P.S. Also it explains the "Dark Matter" phenomenon as result of universal acceleration of inertia. Because inertia of bodies provided by means of real gravity of far stars.

K. A. 13 June 2024

@Bud Rapanault

Great comment! I have such theory, which explains the essence of Gravity, its properties, how it appers, how it connected with other kind of interactions, and why it have such value, and not another one.

If you interested, you can read about it in the "Unified theory of Interactions" on Vixra

Bud Rapanault 10 December 2023

Herein lies the root of the problem: "gravitation is the least understood physical phenomenon." That is correct. There is, in fact, no proper scientific account of the physical mechanism that gives rise to gravitational effects, notwithstanding Wheeler's empirically baseless, causally-interacting spacetime fantasy. Newton, Einstein and Milgrom have produced reasonably good mathematical formulations describing the gravitational effect but they offer no guidance as to its cause.

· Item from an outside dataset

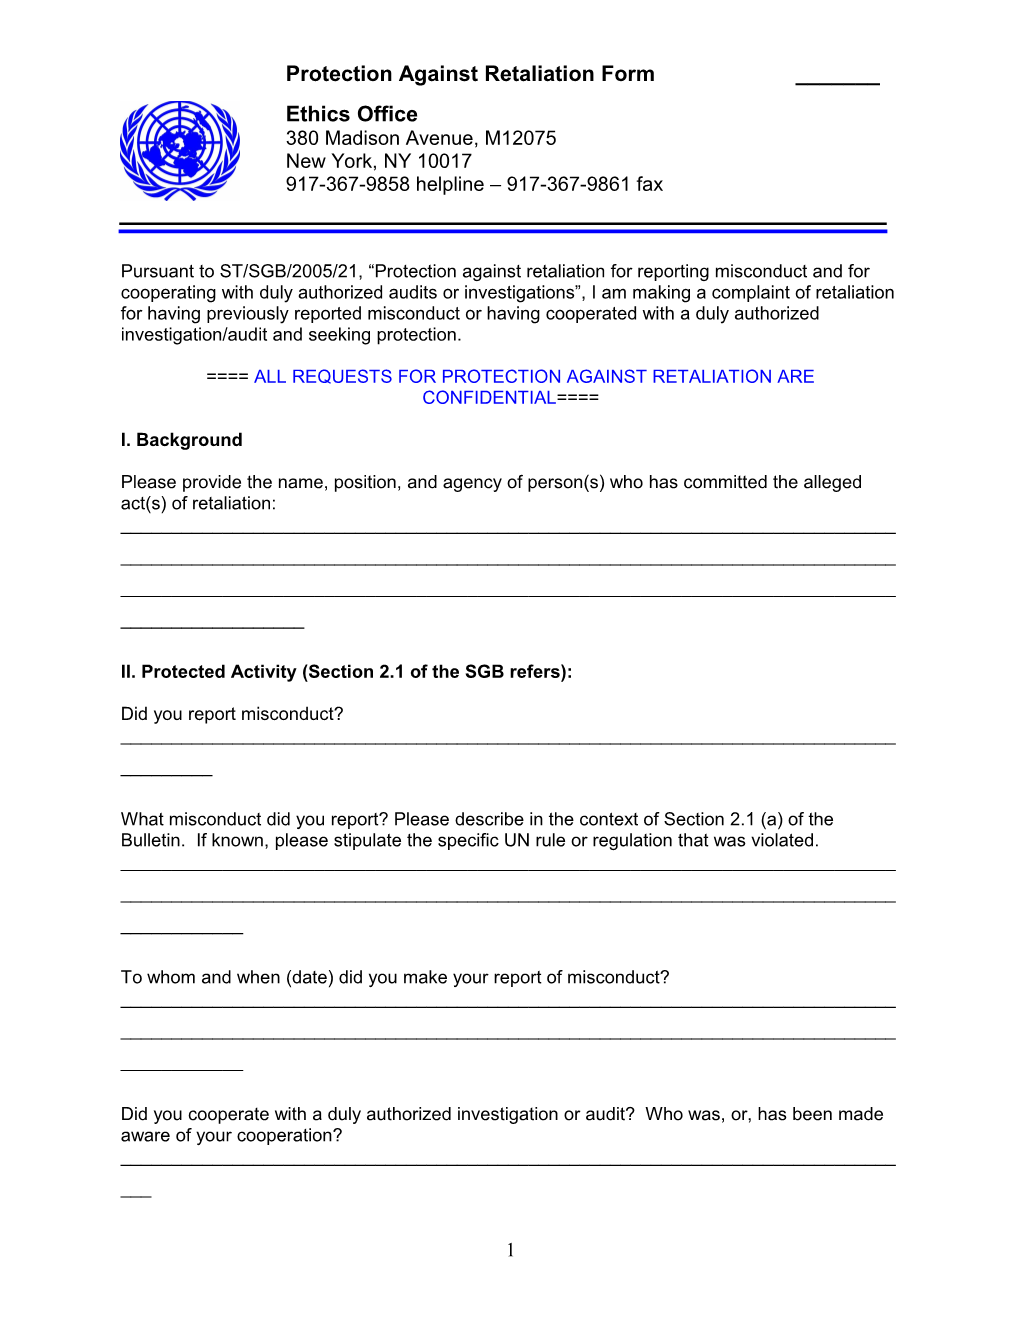 Ethics Office Form for ST/SGB/2005/21 Complaints

Over the last century our inventory of the components of physical reality has increased by orders of magnitude and yet we have discerned no physical mechanism for gravity. Despite the enormous increase in our knowledge base, modern theoretical physics remains wedded to 100 year old assumptions made in the absence of that knowledge. The new inventory extends from the quantum scale to the cosmological scale but the gravitational effect is not observed at either the quantum scale or at the largest cosmological scales.

If modern theoretical physics were a scientific enterprise the gravitational mechanism would be at the heart of fundamental research programs. But modern theoretical physics is a mathematicist enterprise and such research is not in evidence. Instead fundamental "research" consists in elaborate efforts to justify existing mathematical models by searching for non-existent physical entities in order to maintain the fiction that Newton-Einstein derived "universal laws" by modeling gravitational effects in the Solar System. Into that cauldron of illogic came Milgrom's MOND.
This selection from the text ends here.